§ **Activity**:
Please return the lines from the one with "Hip Replacement Implant" through the end of the listing below, word for word, with every picture left out.

§ **Supplied data**:
§

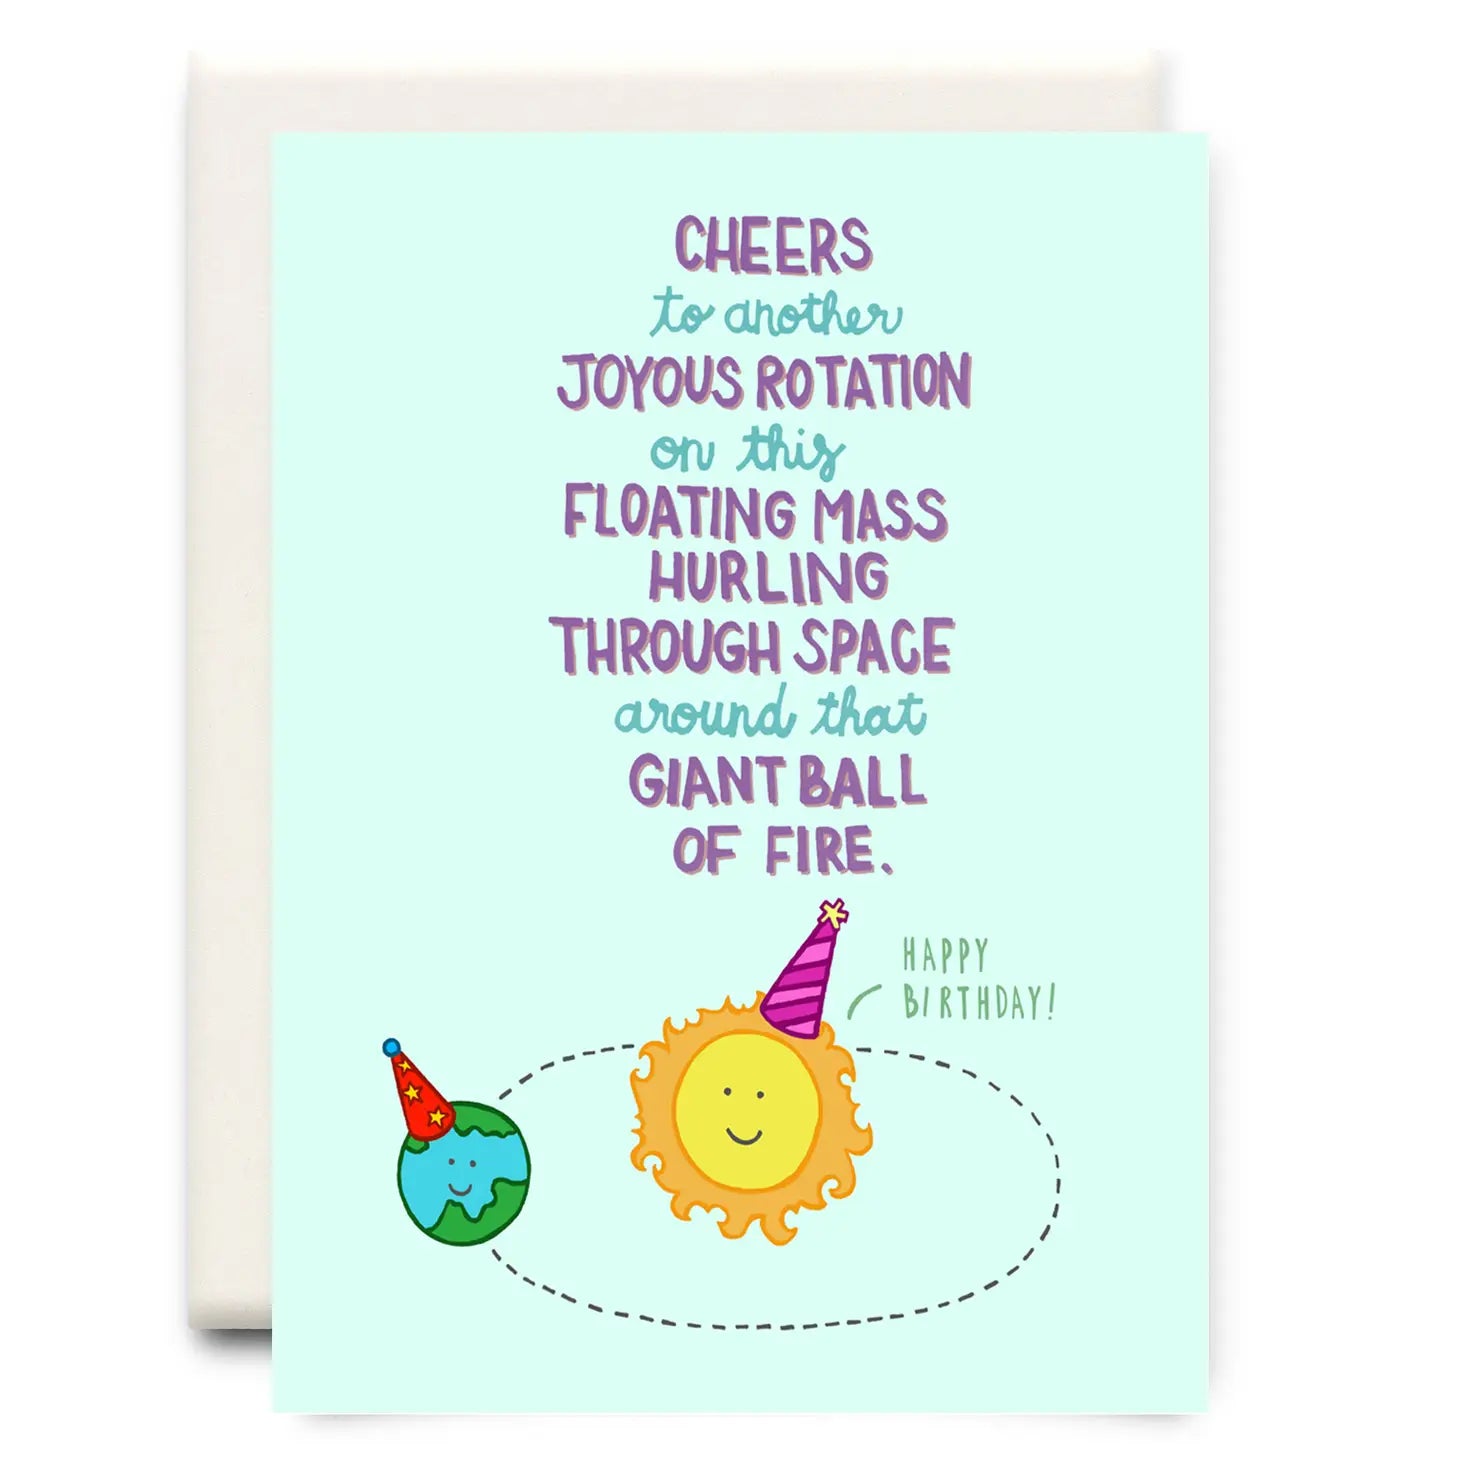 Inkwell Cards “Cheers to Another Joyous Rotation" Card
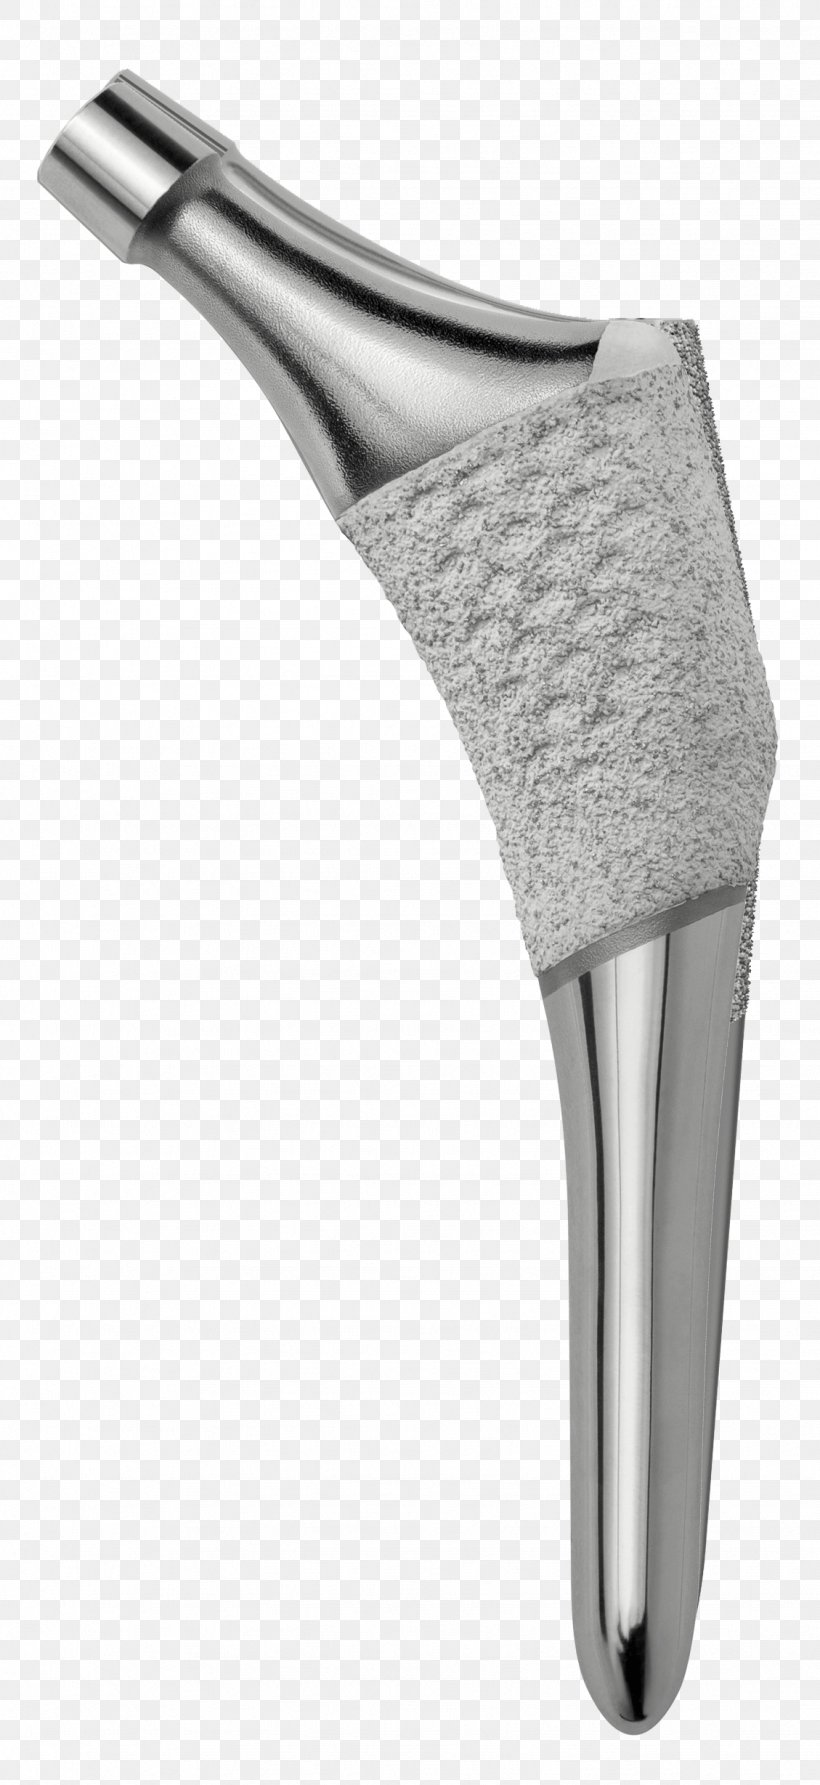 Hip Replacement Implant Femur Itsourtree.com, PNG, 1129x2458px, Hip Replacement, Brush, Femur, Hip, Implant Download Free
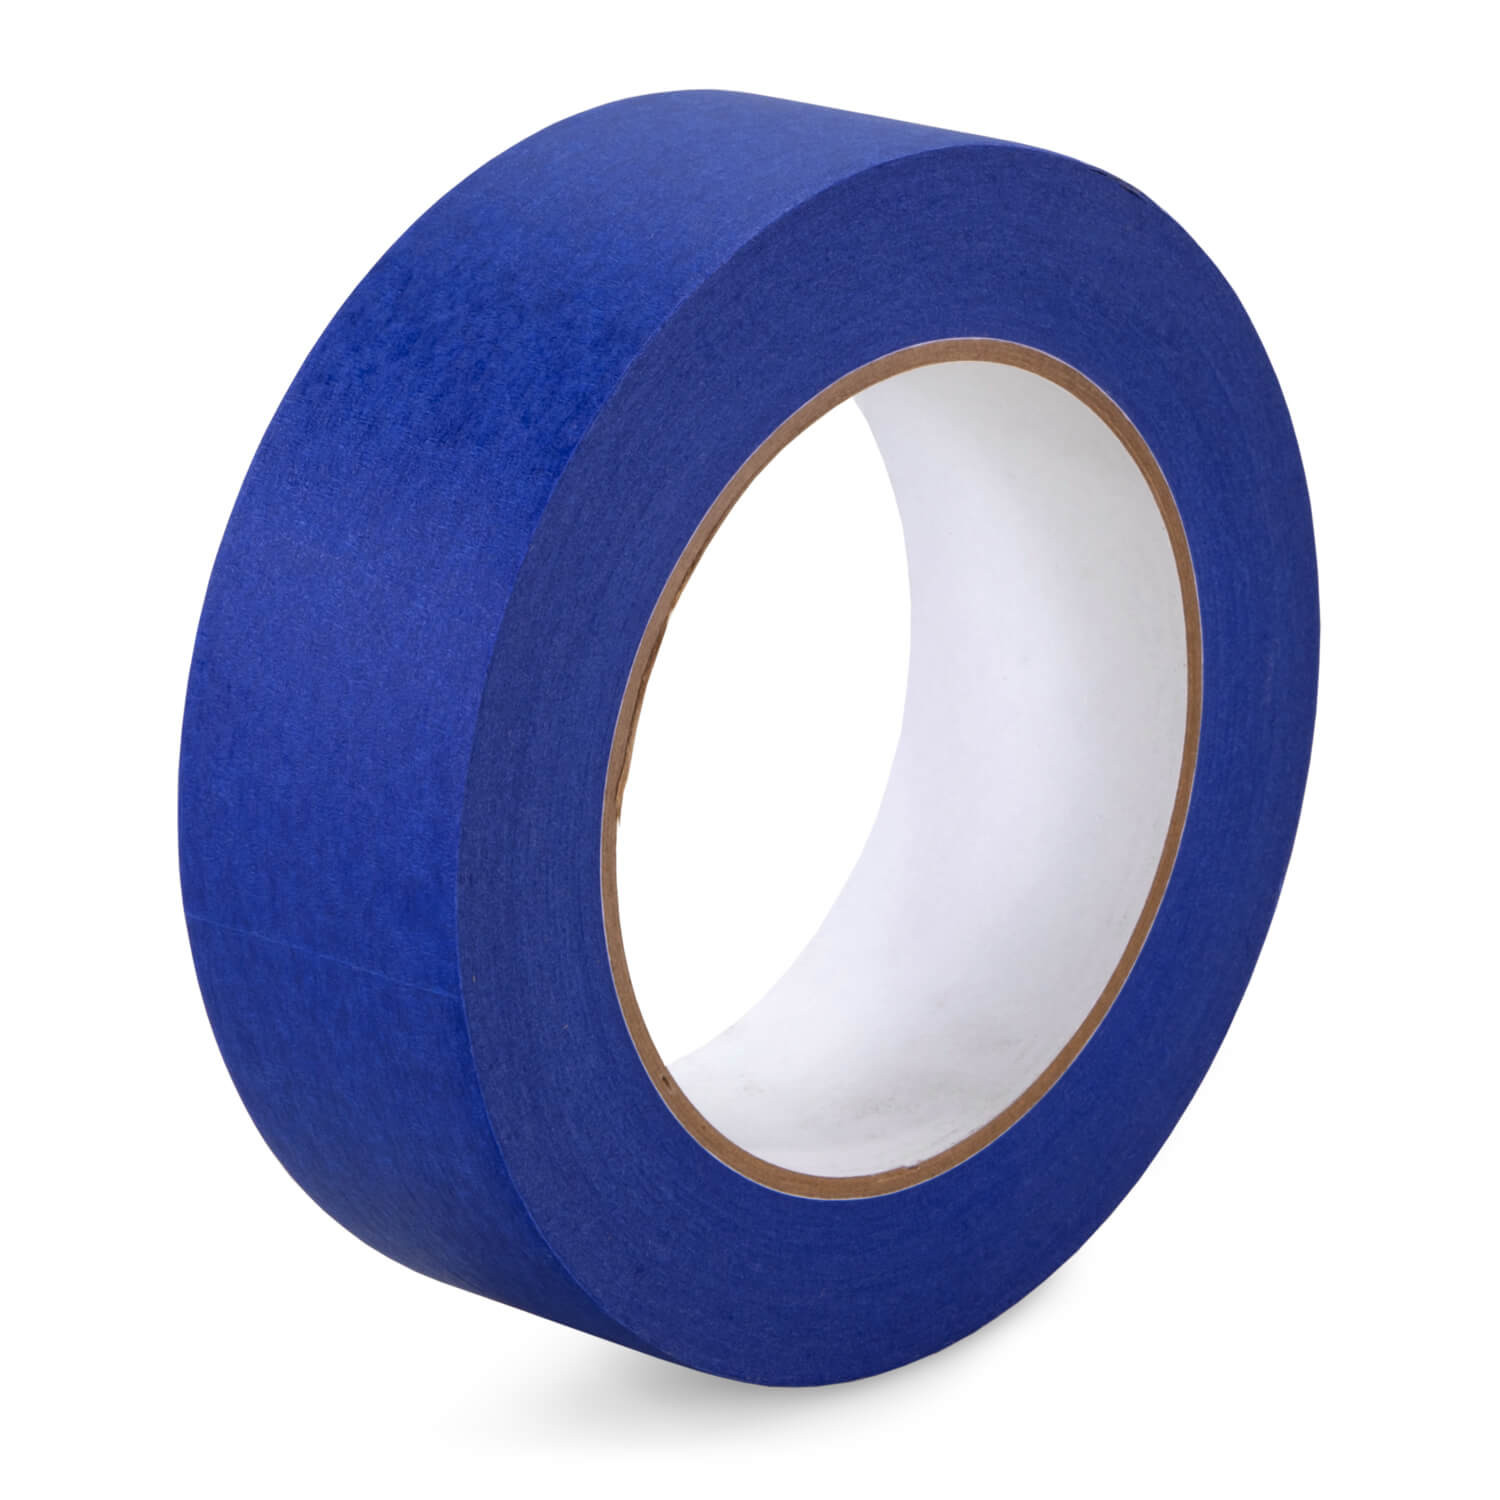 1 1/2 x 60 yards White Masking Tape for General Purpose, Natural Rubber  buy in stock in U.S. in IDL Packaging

§

§ **Result below**:
 Hip Replacement Implant Femur Itsourtree.com, PNG, 1129x2458px, Hip Replacement, Brush, Femur, Hip, Implant Download Free
 1 1/2 x 60 yards White Masking Tape for General Purpose, Natural Rubber  buy in stock in U.S. in IDL Packaging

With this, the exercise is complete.